Yaoreima, also known as Yaoreima Chanu, was a queen in the early history of ancient Meitei civilization. She was connected to both the Chenglei kingdom and the Ningthouja kingdom.

== Early life ==
Yaoreima was the wife of Thangyi Khongjromba, a king of the Chenglei dynasty. Through this marriage, she became queen of the Chenglei kingdom.

She is mentioned in the Chengleiron, the royal chronicle of the Chenglei dynasty. This record connects her to the history and traditions of the Chenglei rulers.

== Conflict between the Chenglei and Ningthouja kings ==

Later, Yaoreima became related to with Naokhamba, a Meitei king of the Ningthouja dynasty. According to different accounts, she either eloped with Naokhamba or was abducted by him. This event caused a conflict between the two kings.

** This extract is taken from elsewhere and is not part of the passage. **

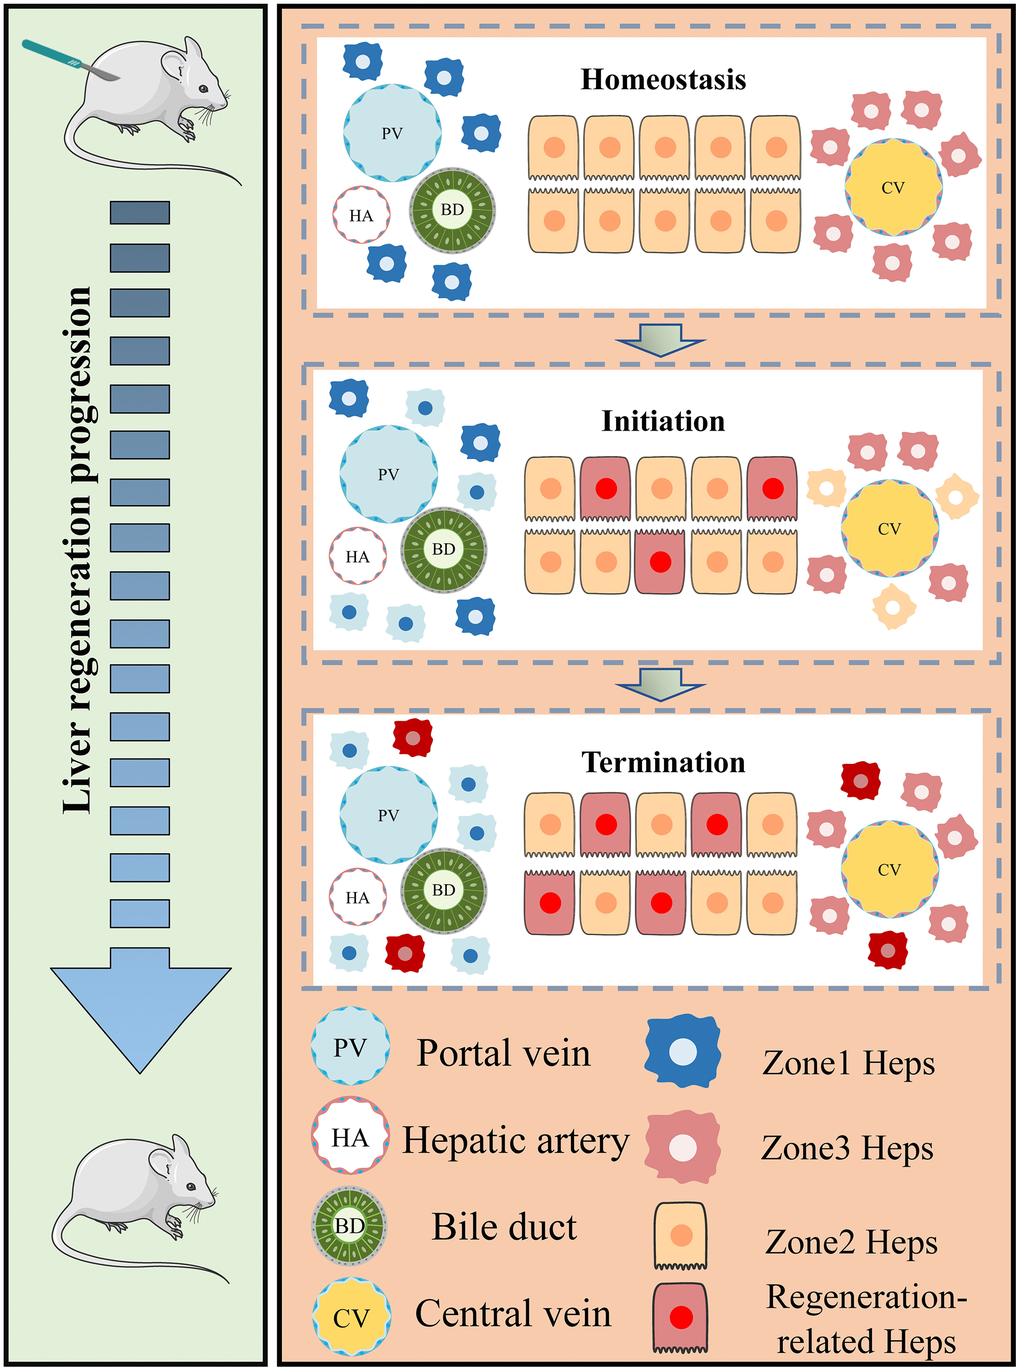 Regional characteristics of live regeneration-related hepatocytes during acute liver injury. The left panel of our study demonstrates the process of liver regeneration following PHx. The surgical resection of liver tissue triggers the rapid re-entry of remnant hepatocytes into the regeneration state. The right panel summarizes the zonal variation in regeneration-related hepatocytes during acute liver injury (AIL). Under homeostatic conditions, hepatocytes in different zones remain in a quiescent state. Portal vein (PV) and central vein (CV) hepatocytes are located at both ends of the hepatic lobules and exhibit distinct spatial gene expression patterns. However, during liver damage, newborn hepatocytes initiate in the midlobular regions before progressing towards the periportal and pericentral areas. At the same time, zonal differences in PV and CV hepatocyte gene expression decrease as hepatocytes respond to the regenerative challenge (hepatocytes with blue and yellow dim out). During the termination phase, newborn hepatocytes repopulate different regions, leading to the recovery of liver function.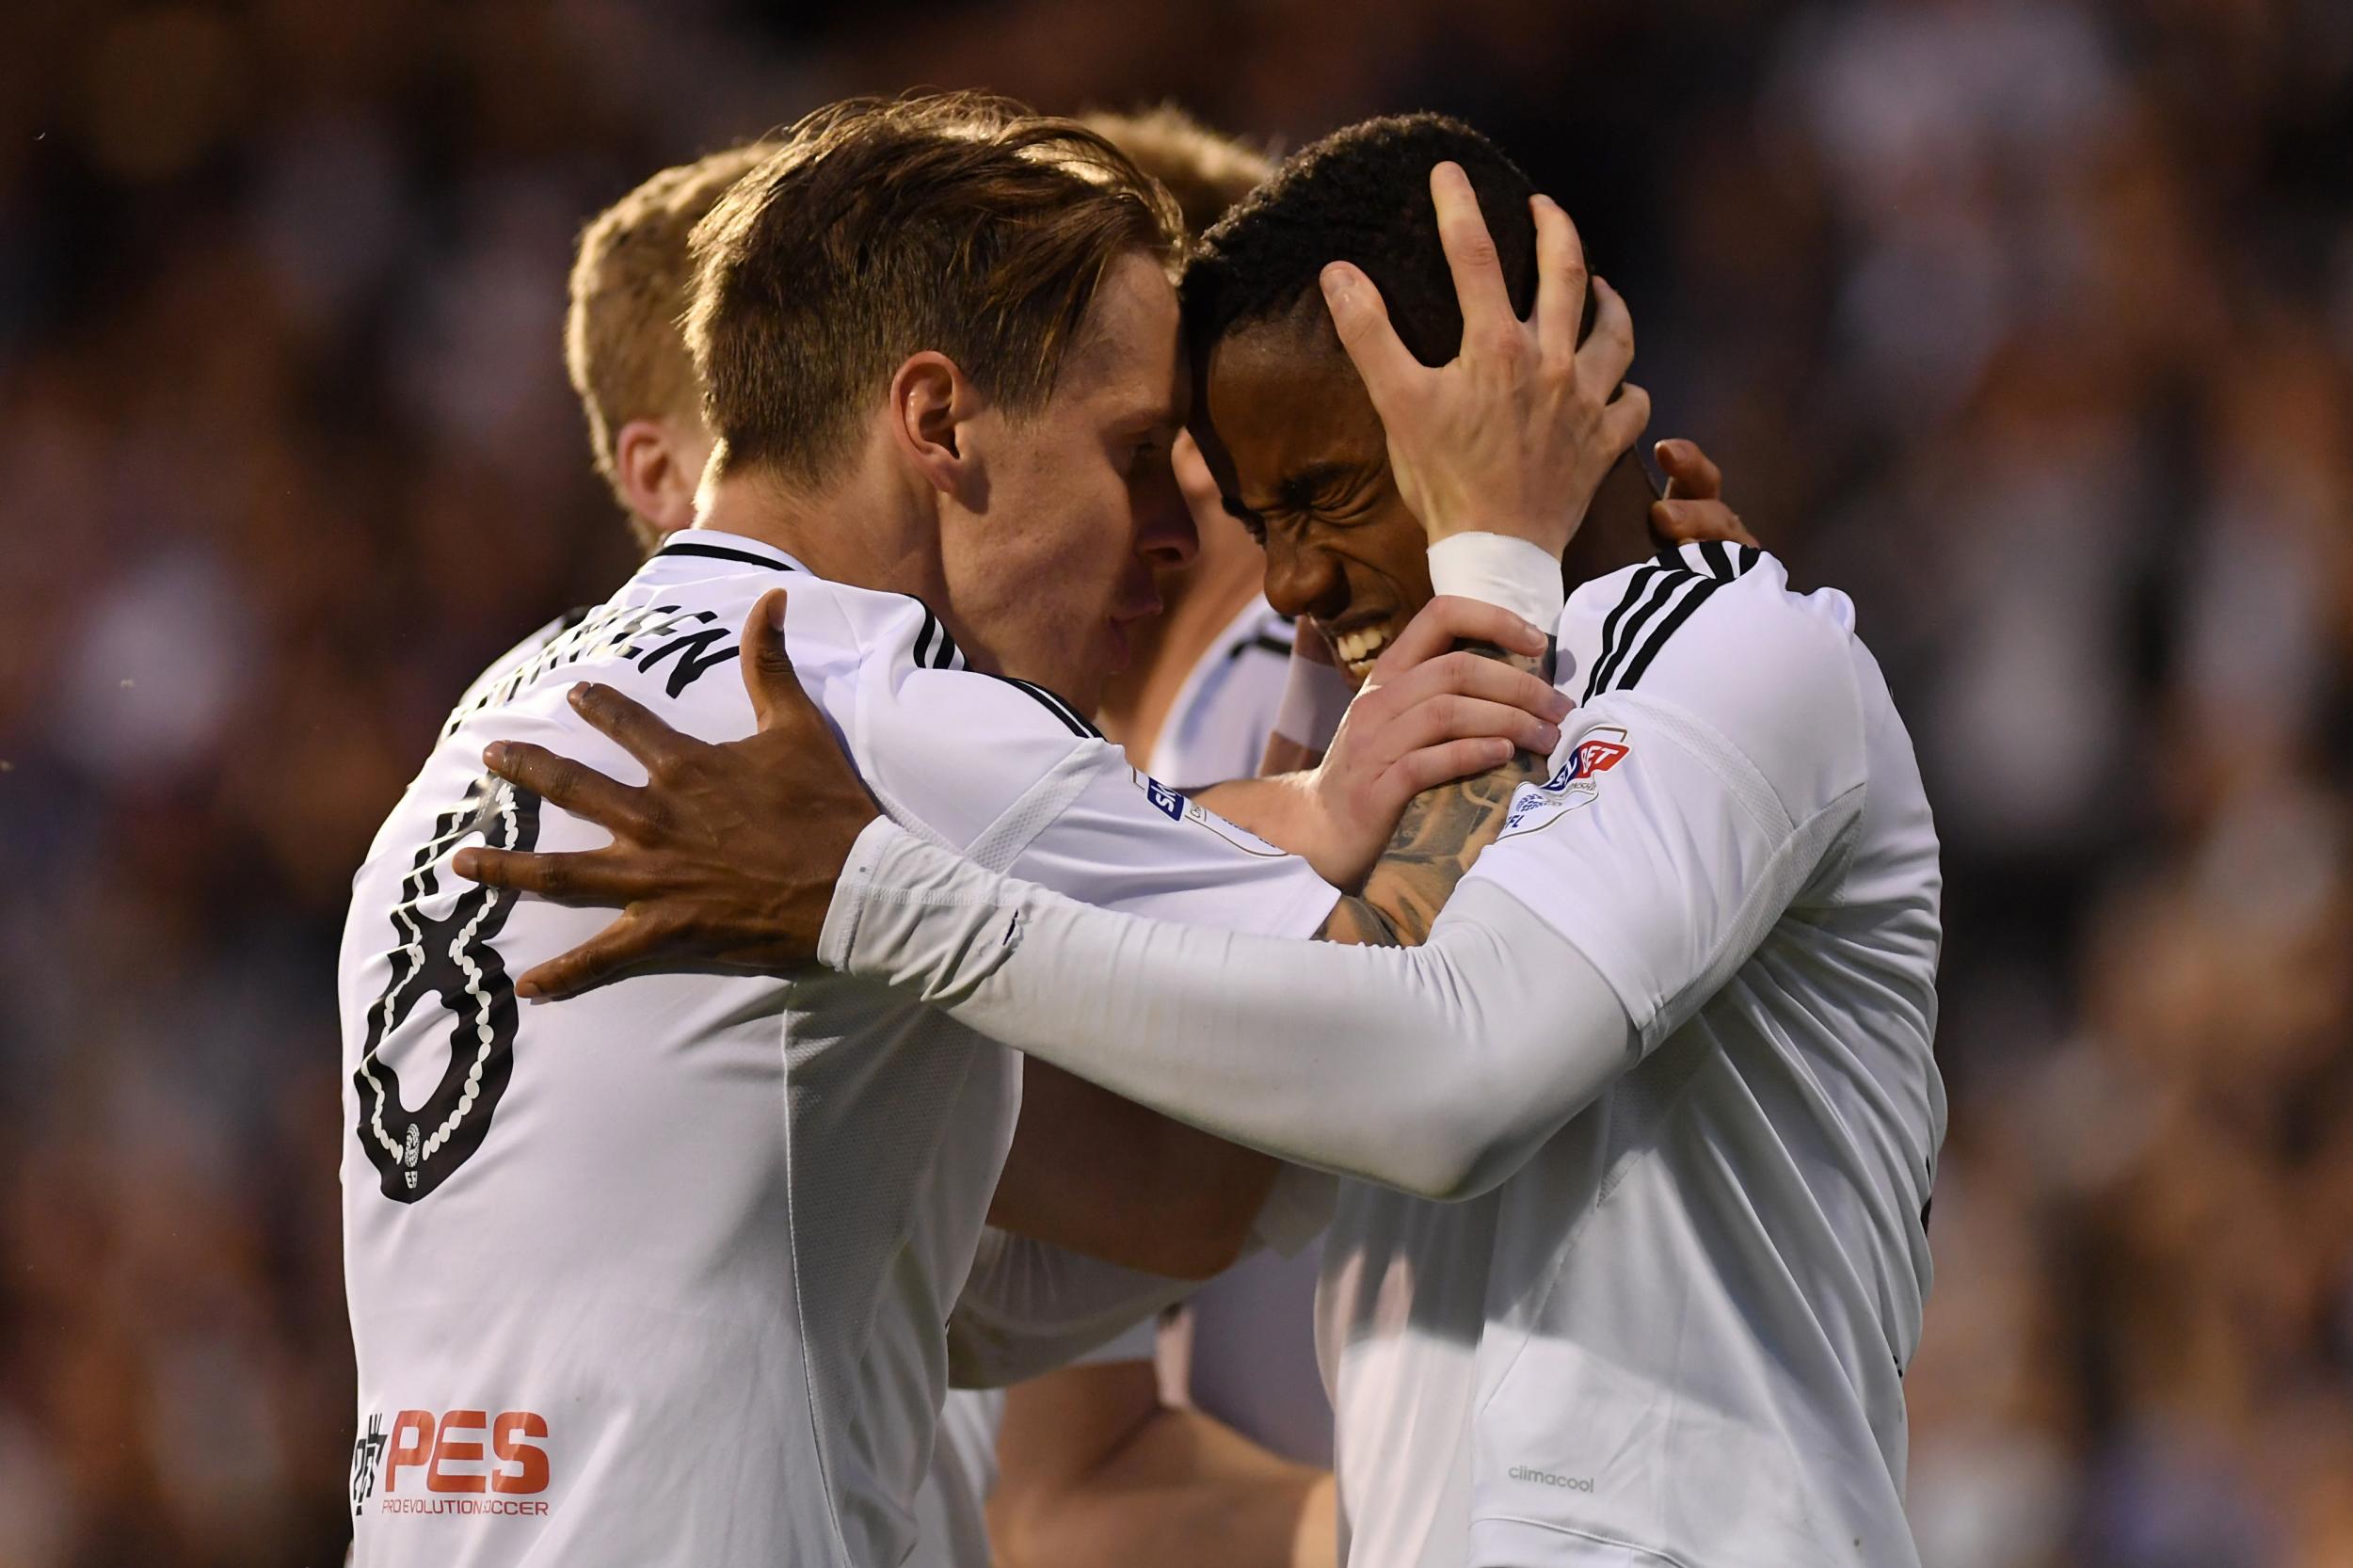 Fulham are the better side - but will it be enough?

A duel fight happened between the Chenglei king and the Ningthouja king. Naokhamba defeated Thangyi Khongjromba. After this defeat, Yaoreima became the queen of the Ningthouja kingdom.

== Queen of the Ningthoujas ==

As queen of the Ningthouja kingdom, Yaoreima gave birth to two princes. One was Naophan Ahanba. The other was Naophangba, who lived from about 428 to 518 CE and later became king of the Ningthouja dynasty.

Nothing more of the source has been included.